Future of False Claims Act bill now in question

As a "show of good faith" toward the Justice Department' s new guidelines, Rep. William Delahunt (D-MA), one of the two key congressional co-sponsors of the Health Claims Guidance Act (HR 3523), will back off the "aggressive" legislative track he's pursued with the bill, says Steve Schwadron, Delahunt's chief of staff.

In a June 11 letter to Eric H. Holder Jr., deputy attorney general at the Department of Justice, Delahunt wrote, "I believe that the guidelines provide a basis for resolution of this controversy that makes it unnecessary and inadvisable to proceed further with H.R. 3523 or other legislation at this time." Instead, Delahunt wrote, he plans to recommend and endorse including the DOJ guidelines in the "Commerce-State-Justice Department Appropriation" bill.

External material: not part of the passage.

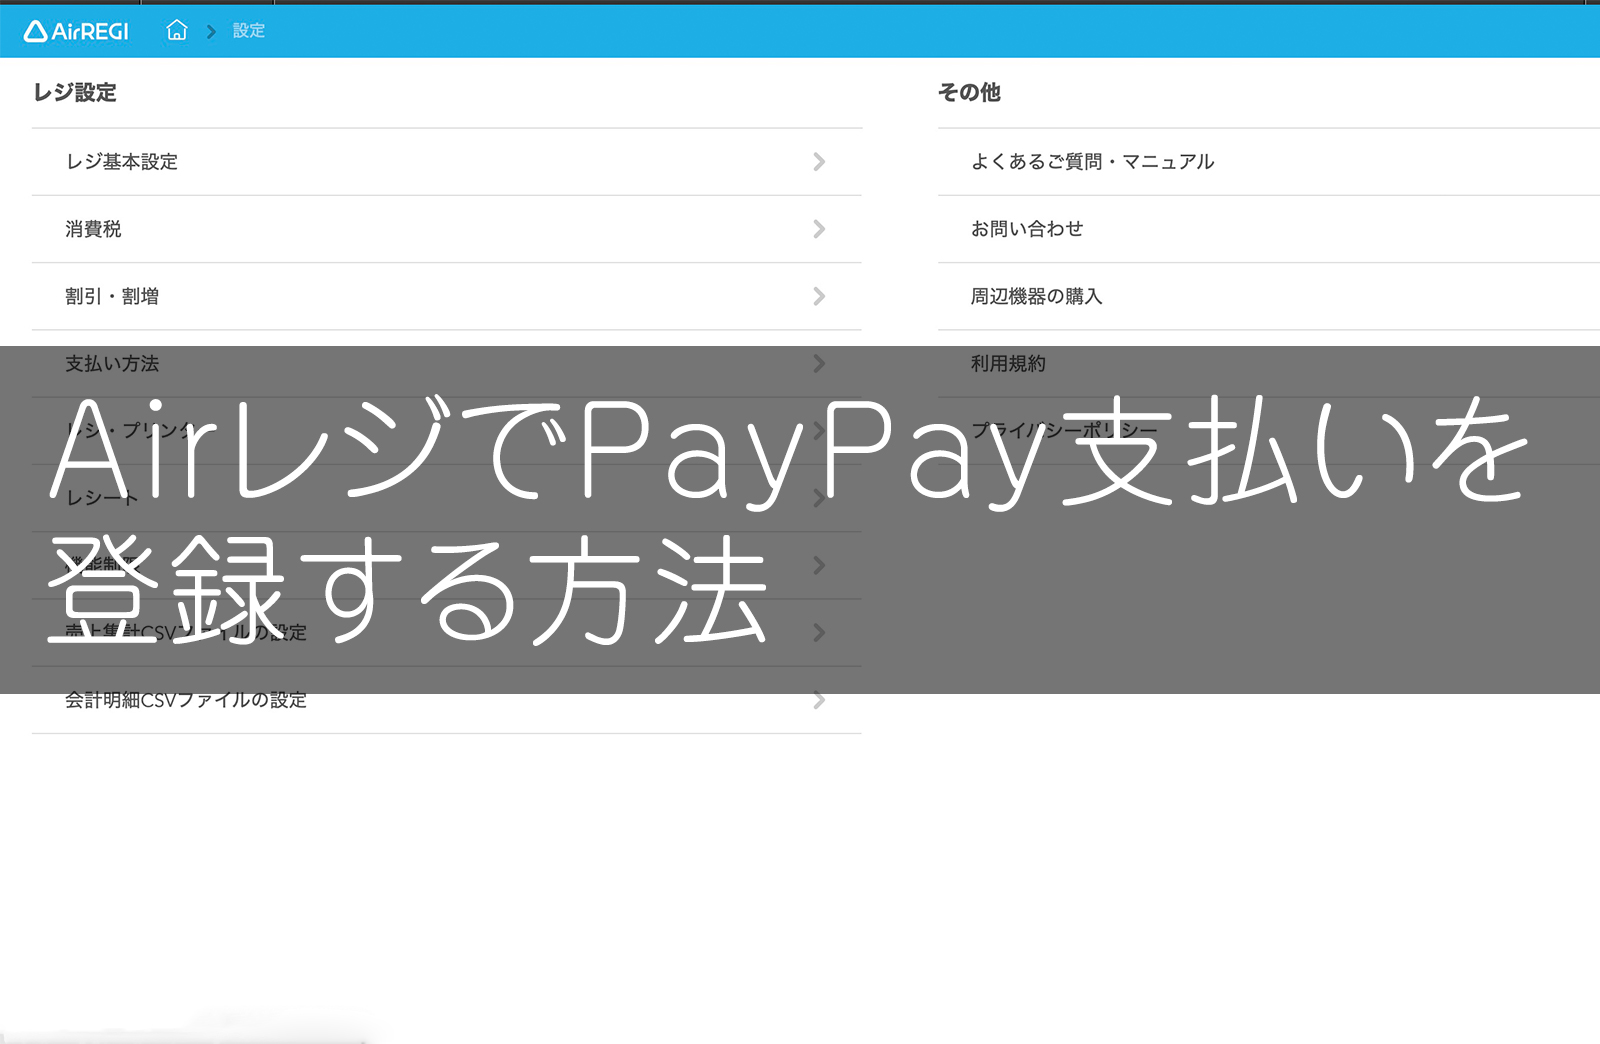 AirレジでPayPay(ペイペイ)を追加登録する方法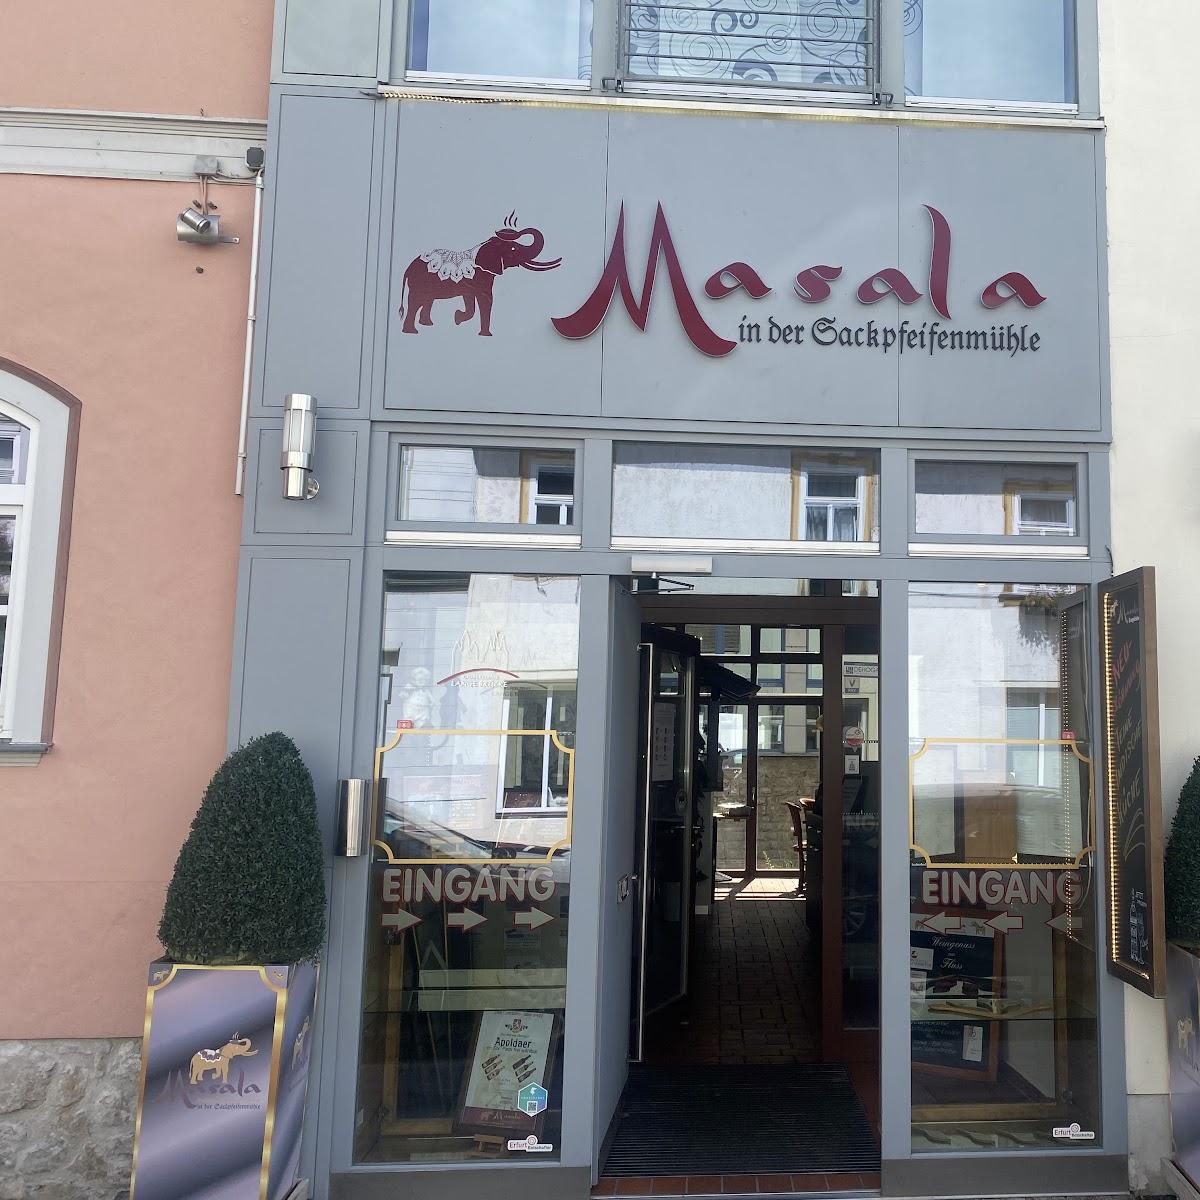 Restaurant "Restaurant Masala" in Erfurt

A day later, however, Schwadron told Compliance Hotline that Delahunt is not withdrawing his support for the bill. "What we're doing is calling for a bit of a breather. It doesn't change the status of the legislation, but it does mean that we will take a break from the aggressive pursuit of more co-sponsors, from the bullet-train speed at which we were going, because at face value, what the Department of Justice has done goes a long way to addressing what concerned us."

Nevertheless, Schwadron says, if the DOJ doesn't follow through with effective implementation of its guidelines, Delahunt reserves the right "to resume work with our co-sponsors on this legislative track."

Rep. Bill McCollum (R-FL), the legislation’s primary author, calls the Justice Department guidelines "a good first move." However, his office says he still plans to continue pushing the proposal forward. "It's a positive step," says one McCollum aide, "but it doesn't go far enough."

H.R. 3523 amends the False Claims Act, making it harder to file criminal fraud charges against health care providers by increasing the burden of proof on prosecutors, limiting penalties for over-paid claims and creating safe harbors for hospitals that submit inappropriate claims based on advice from financial advisors and carriers. (See "Bipartisan bill would gut False Claims Act," March 23 Compliance Hotline, page 1.)

Introduced in March, the HCGA has already attracted more than 190 co-sponsors in the House. The Senate version of the bill (S. 2007), sponsored by Sens. Thad Cochran (R-MS) and Ernest F. Hollings (D-SC) remains on track, according to an aide to Sen. Hollings.